News21 Sep 2002


Ten out of Ten for Guevara!

FacebookTwitterEmail

Ana Guevara wins the World Cup (© Getty Images)

Ana Guevara finally left the track in the Stadium Comunidad de Madrid, after one of the longest post-race interviews in history. But who could blame Mexican TV, they've got a real star on their hands?

In this season of fashion shows around the world - London, New York, soon to be Paris and Milan - Guevara was wearing a T-shirt to die for - the famous iconic head of 'Che' with her face super-imposed. She had been presented with it by trackside Mexican fans following her tenth straight victory out of ten on her own international circuit this year, culminating with this World Cup victory in Madrid.

And like 'Che', this Guevara has created her own little revolution, with no small help from her Cuban coach, Raoul Bareda. She emerged onto the international scene when she took bronze in the 400 metres in Edmonton last year. But she has proved unstoppable this season, breaking her national record three times (making seven in all), with a best of 49.16sec, and regularly going under 50 seconds. She has also provided plenty of peripheral entertainment, from the all-in-one speed-suit (including hood) she wore in the cold, rainy conditions of Oslo and Paris in the first two Golden League meetings, to the scantier garb and shades she has adopted for the warmer climes.

She has certainly made an impact back at home. Born on the Mexico-US border at Nogales, "cowboy country," as she characterises it, she is not only the first world-class sprinter from her country, she is pretty much the first Mexican woman athlete of any repute.

"It was a surprise to my dad, when I told him I wanted to be a runner," she said recently.

That was in 1996, when her school basketball coach told her she could be good at the game, but no more than that, but he reckoned she would make a great sprinter. The running spikes that dad bought across the border have now been cast in bronze by the local copper miners, and Mexican television, for the first time in its history is broadcasting track and field athletics live from Europe.

They began at the Brussels Golden League, continued in Berlin, and at the Grand Prix Final in Paris, and finally from the World Cup. It will ensure huge crowds when she arrives back in Mexico City on Sunday evening, prior to going back home to an even warmer welcome in Sonoro Province.

It's all a far cry from the false start she had to her international career.

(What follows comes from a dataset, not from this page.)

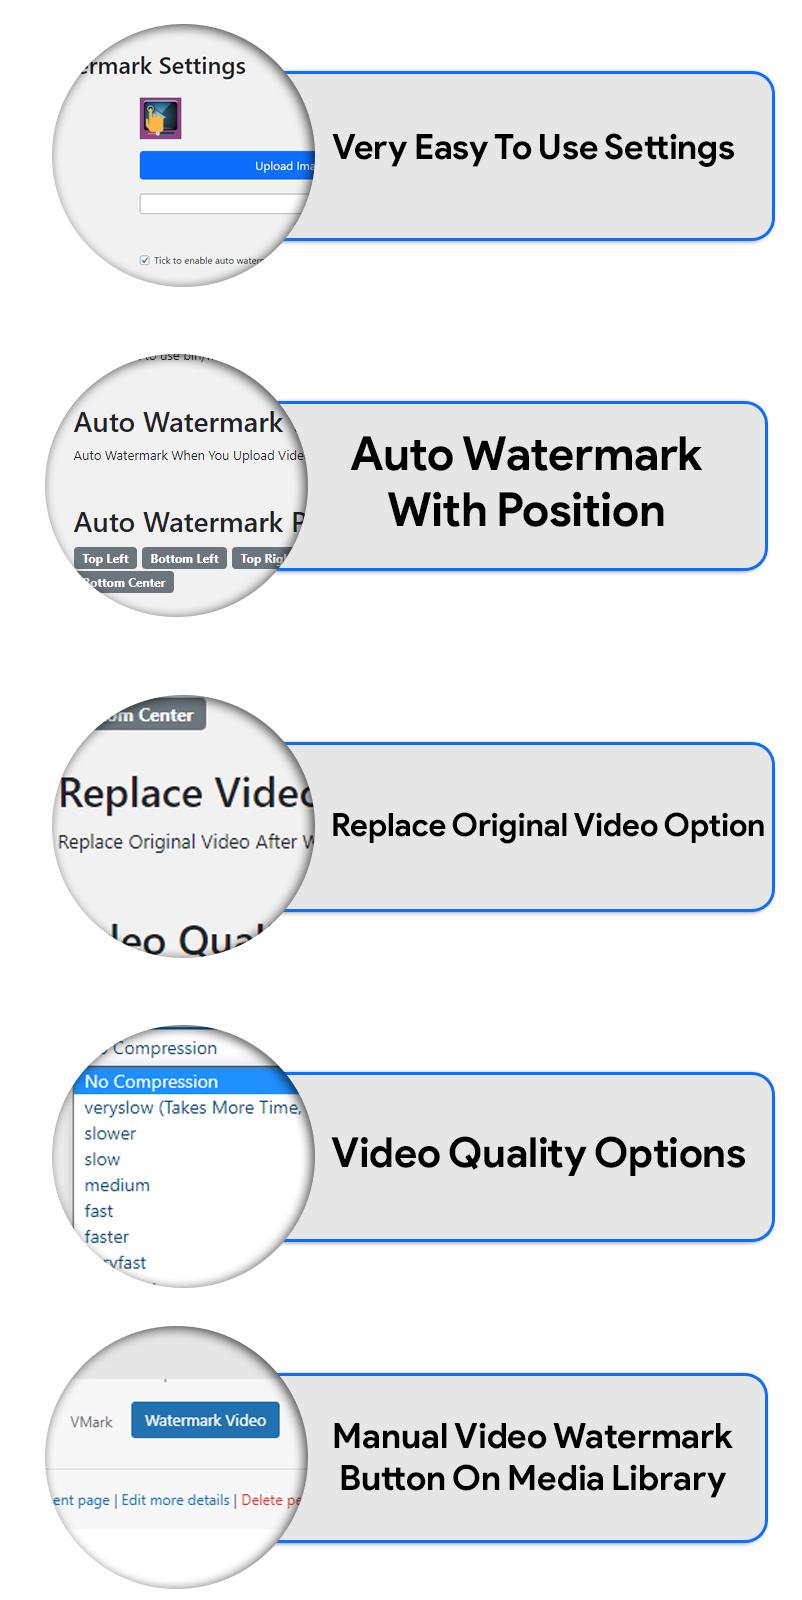 vmark_wp_features-ss.jpg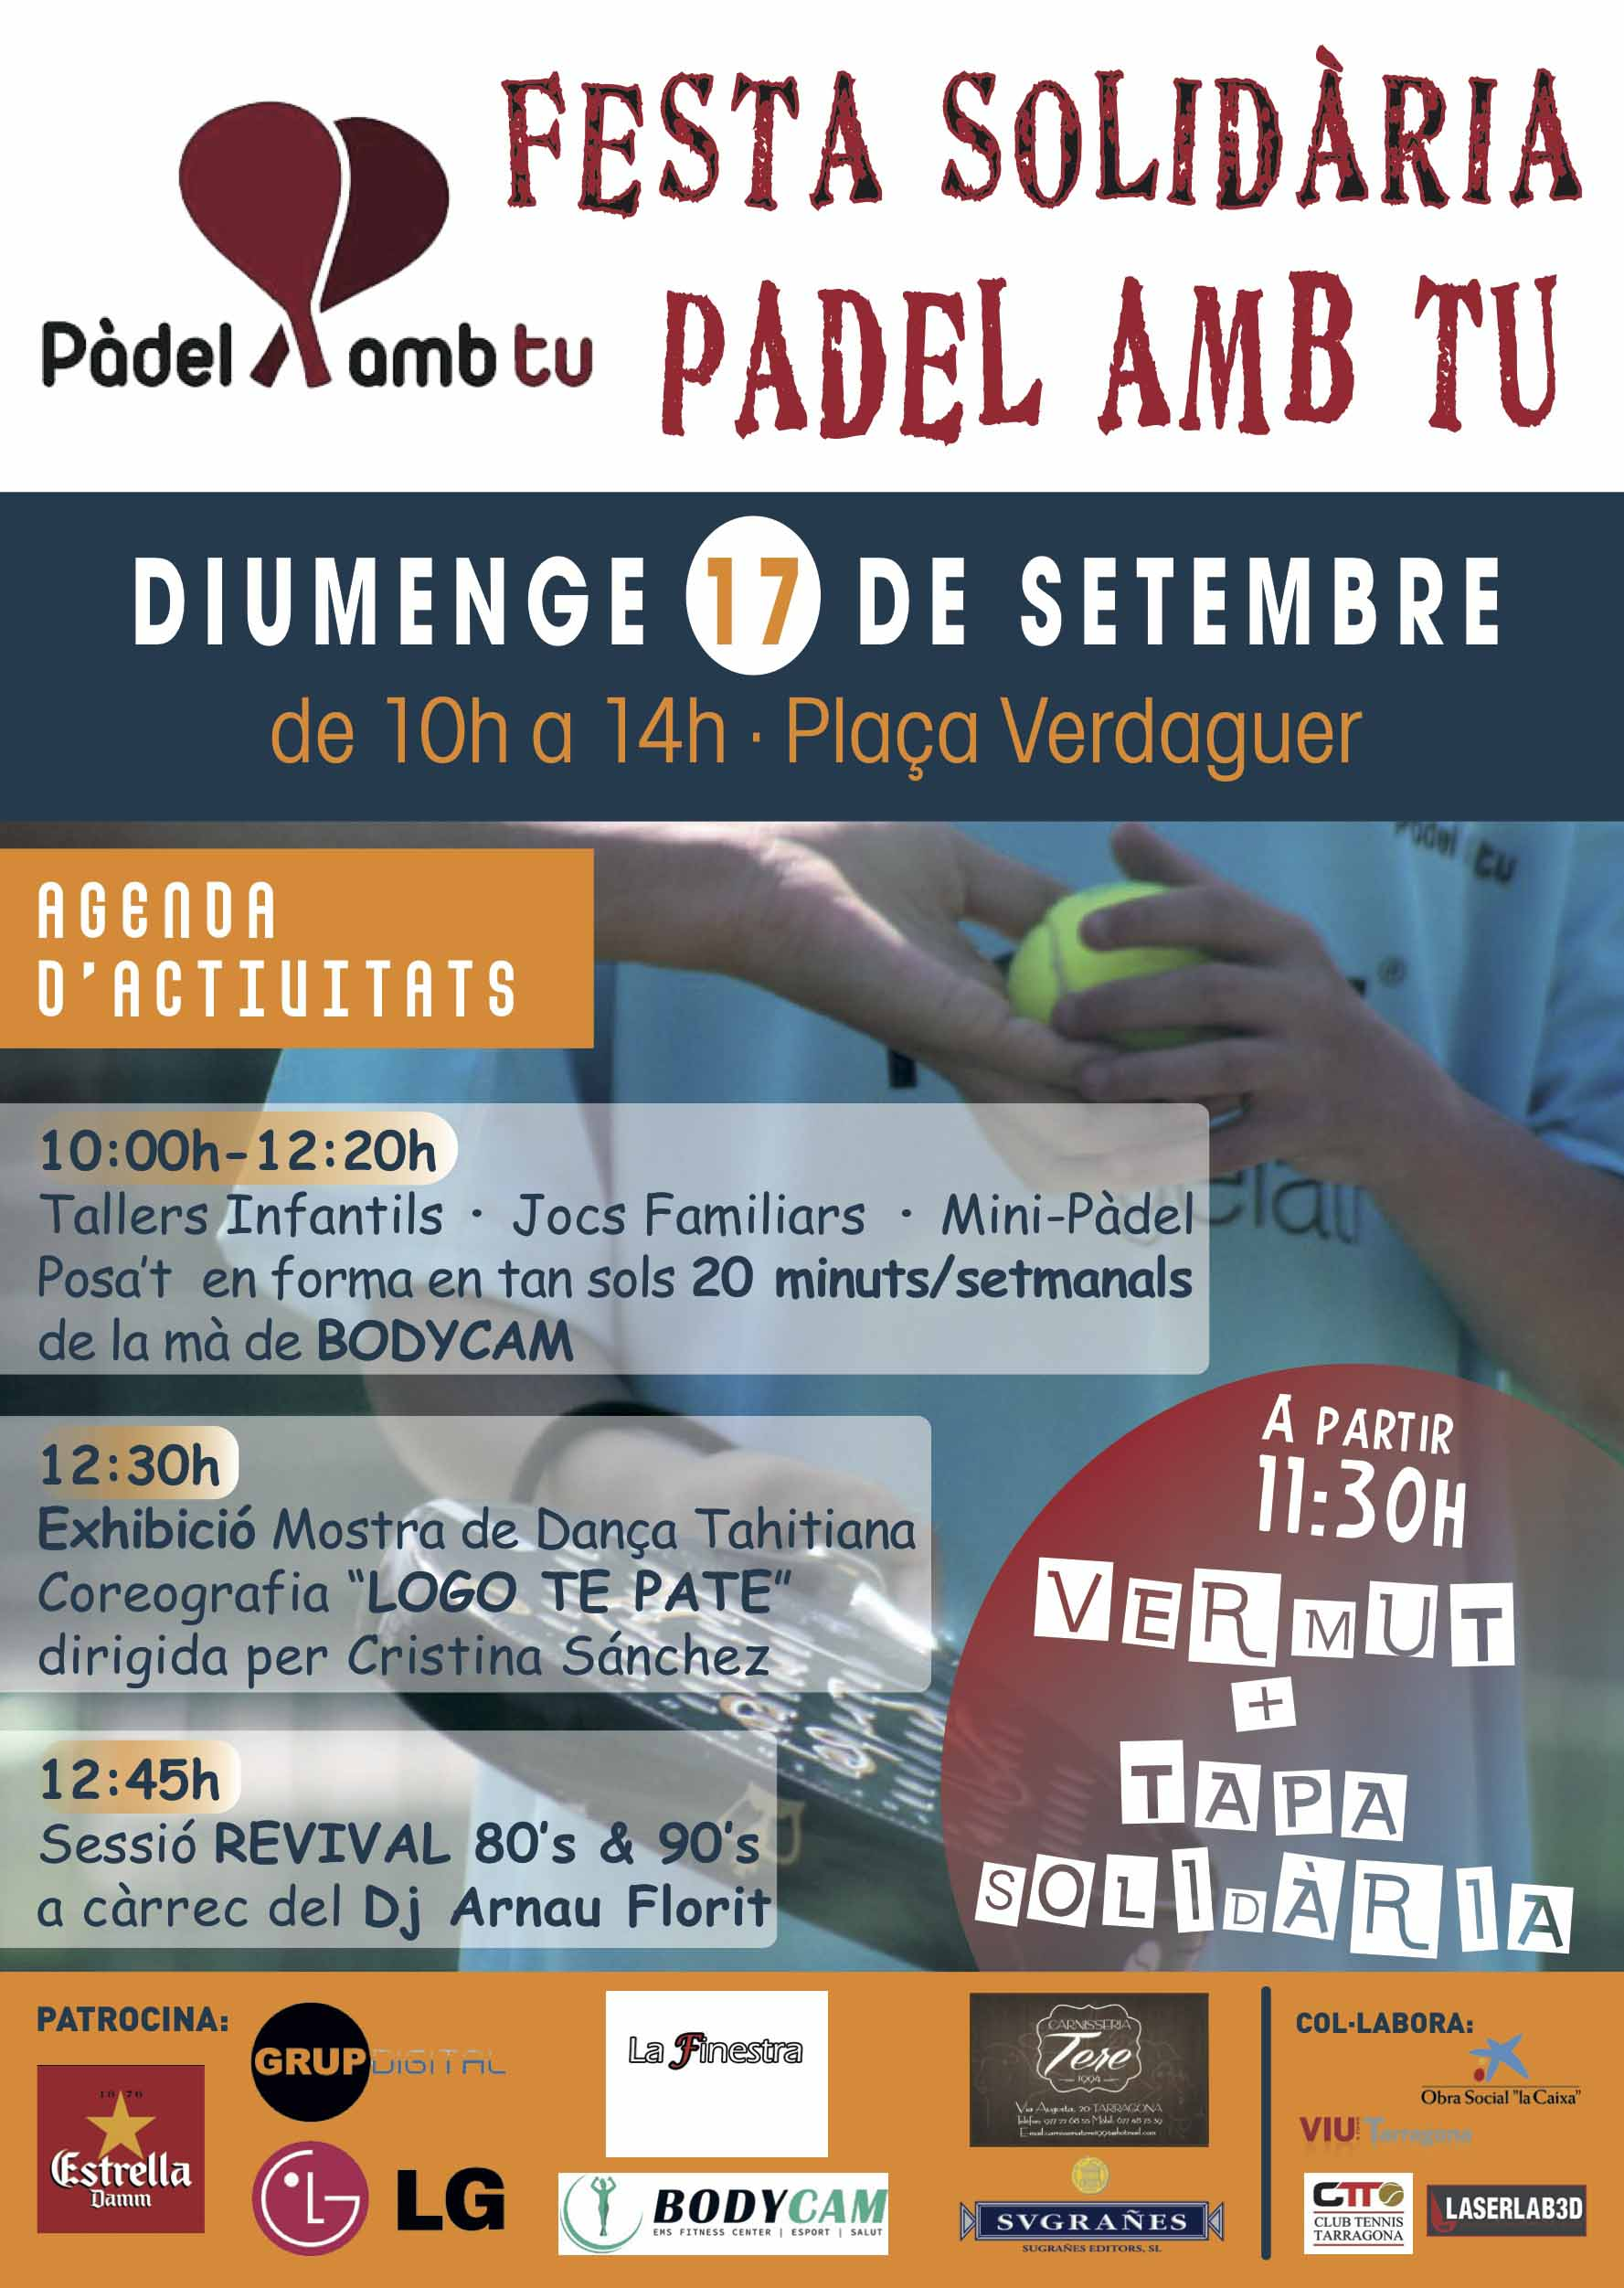 FESTA SOLIDÀRIA PÀDEL AMB TU – Santa Tecla 2017

She was sent to Athens '97 as an 800 metres runner - she also holds the national record at 2min 01.12sec. But, putting it kindly, someone had made an error in her entry form, listing her as having run 2.02.96, just under the 2.03.00 'B' qualifying mark. In fact her best was 2.03.08. She was rumbled, and, although allowed to stay in Athens, was not permitted to run. It was, she says, "very embarrassing, but the IAAF realised it was not my fault, and they let me stay, it was still a great experience for me". Her career really took off when she won the Pan-Am Games title in 1999. And it has been a gradual ascension from there.

She intends to spend a week back home, then begin her build-up for next year, and the World Championships in Paris, where they have a penchant for revolutionaries. But she is unlikely to be back in Europe before the summer, probably choosing to go back to Australia, where she has wintered before. And Australia is, of course, the home of Olympic champion, Cathy Freeman, a revolutionary in her own right.

"I'm not interested in running indoors in Europe, I don't like the indoors, but I would like to go back to Australia. It would be good if Cathy came back (to competition), because it would make the event like it was when there was Perec and Freeman. I want her to come back". And that's a revolution of the track we'd all pay to see.